Sunday, 1 February 2015

Data Warehousing


What is data warehouse

  • Is a Read only database which stored data from Transactional database.
  • Corporate information repository.
  • Source for intelligent reporting.
  • Collection of data to assist Decision Support System.

What is Data-warehousing

Data warehousing is not single s/w or technology. Is a criteria of five different processes done in principled way.
  • Data Transformation: In DTP the data is extracted from OLTP or any other sources.
  • Data Standardization: Data will moved form different sources. So it may have different format & style. Need to be standardization before going to DWH.
  • Data Filtering: It process of extracting required data from OLTP. Entire data notrequired from Source, hence data filtering process conducted.
  • Data Cleaning: Filtering ,Merging and translating.
  • Data Aggregation: Is a final stage of building DWH. Its a data Summarization.

Expectation from DWH

  • Support database design for analytical  task.
  • Provide user friendliness.
  • Provide easiness to even the non IT User.
  • Maintain current & Historical data for analysis.

Goal of DWH

  • Understand the business trends & make better forecasting decision. 
  • Data warehouse provide consistent data.
  • Data warehouse can performed data analysis Quickly.
  • Data warehouse is nearer to end user’s to define data with ease of access to information.
What DWH should really Do?
  • Provide integrated view of total enterprise.
  • Provide current and historical data easily for decision making process.
  • Information more consistent & accurate with quality.
  • Its interactive source of Strategic information.

Different type of data warehouses

There are three types of data warehouses:

  • Enterprise Data Warehouse - An enterprise data warehouse provides a central database for decision support throughout the enterprise.
  • ODS(Operational Data Store) - This has a broad enterprise wide scope, but unlike the real Enterprise data warehouse, data is refreshed in near real time and used for routine business activity.
  • Data Mart - Datamart is a subset of data warehouse and it supports a particular region,business unit or business function.
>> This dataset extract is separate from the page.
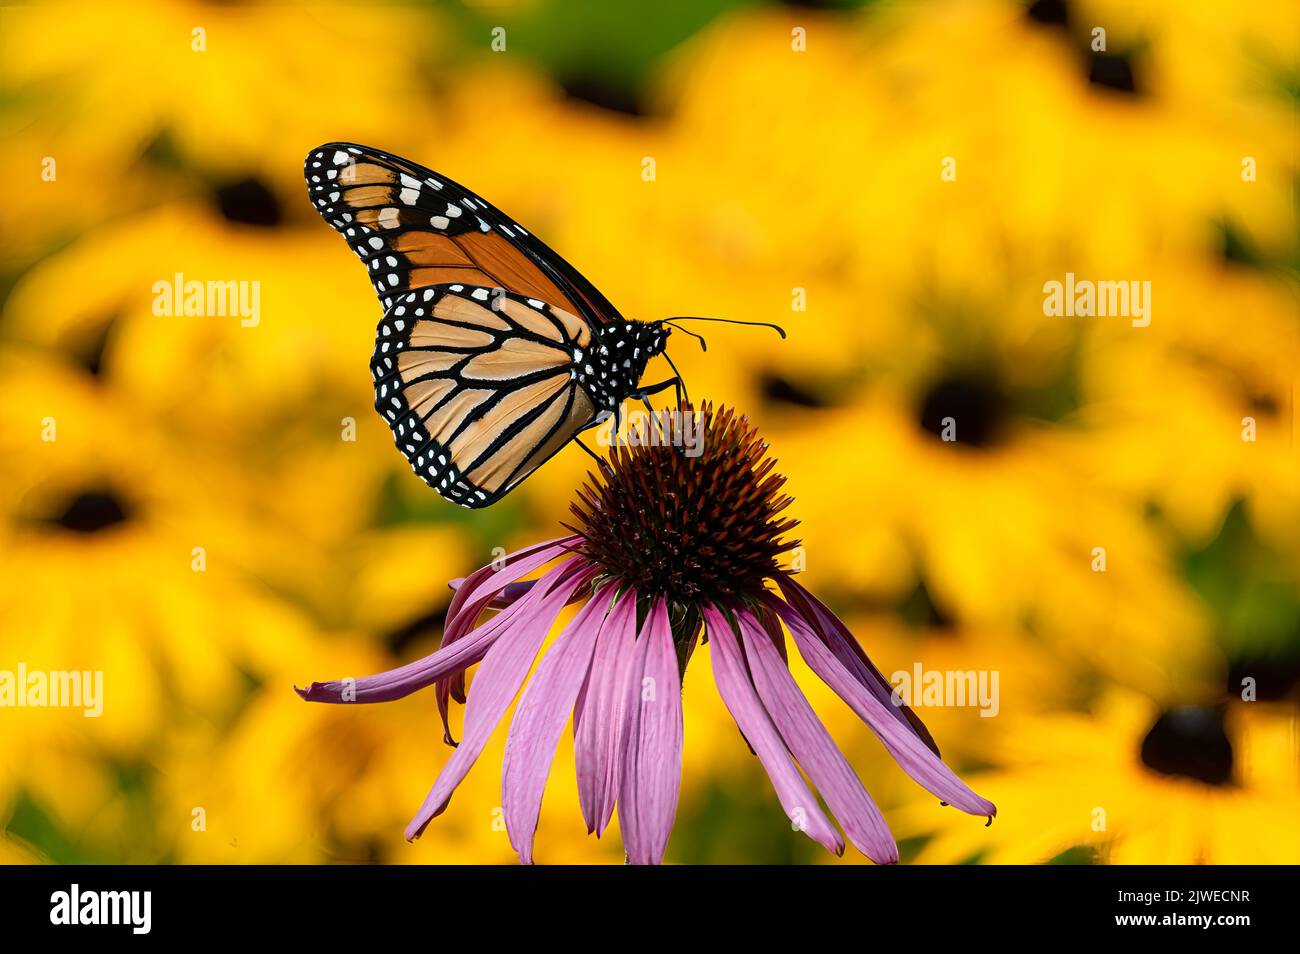 A Monarch Butterfly, Danaus plexippus, pollinating a purple cone flower in a garden in Speculator, NY USA with a bright yellow Rudbeckia background. Stock Photo

Different Type of approaches

Top down approach: This approach invent by Bill Immon. First we need to implement the Enterprise data warehouse by extracting the data from individual departments and from the Enterprise data warehouse develop subject oriented databases called as “Data Marts”.
Advantages

  • Provide enterprise view of data.
  • Provide single & centralize storage of data.
  • It can be associate with centralize rules & privileges.
Disadvantage

  • Longer time to built.
  • More risk of failure.
  • Its high costly.
Bottom Up approach: This approach invent by Ralph Kimball. “First we need to develop subject oriented database called as “Data Marts” then integrate all the Data Marts to develop the Enterprise data warehouse.

Advantages

  • Faster & easier in implementation.
  • Low Risk of failure.
Disadvantages

  • Risk of redundant information.
  • Chance of inconsistent data may increase.
  • Number of Data mart increases then may be unmanageable.
  • Central administration difficult.

What is Dimension Modeling

  • Dimension modeling is a process of designing the data warehouse.
  • Dimension data modeling contain one or more dimension table and fact table.
  • Dimensional Models are designed for reading, summarizing and analyzing numeric information.
  • In dimension modeling Dimension integrate through the concept of Star Join with Fact table.
  • In dimensional modeling Data Warehouse is designing with the following type of schemas

  1. Star Schema
  2. Snowflake Schema
  3. Galaxy Schema

Star Schema

  • A star Schema is database design which contain centrally located Fact table which is surrounded by dimension table.
  • The star schema architecture is the simplest data warehouse schema.
  • In Star Schema dimension tables are denormalized and fact table is normalized.

Snowflake Schema
  • The snowflake schema is represented by centralized fact table which are connected to multiple dimension table.
  • The snowflake schema is a more complex data warehouse model than a star schema.
  • In Snowflake Denormalized Dimensions tables can be splited into two or more normalized dimensions is called snowflake schema.


Galaxy Schema

  • In Galaxy Schema multiple fact tables that share many dimension tables. 
  • This Schema is viewed as Collection of Stars hence called Galaxy Schema or Fact Constellation.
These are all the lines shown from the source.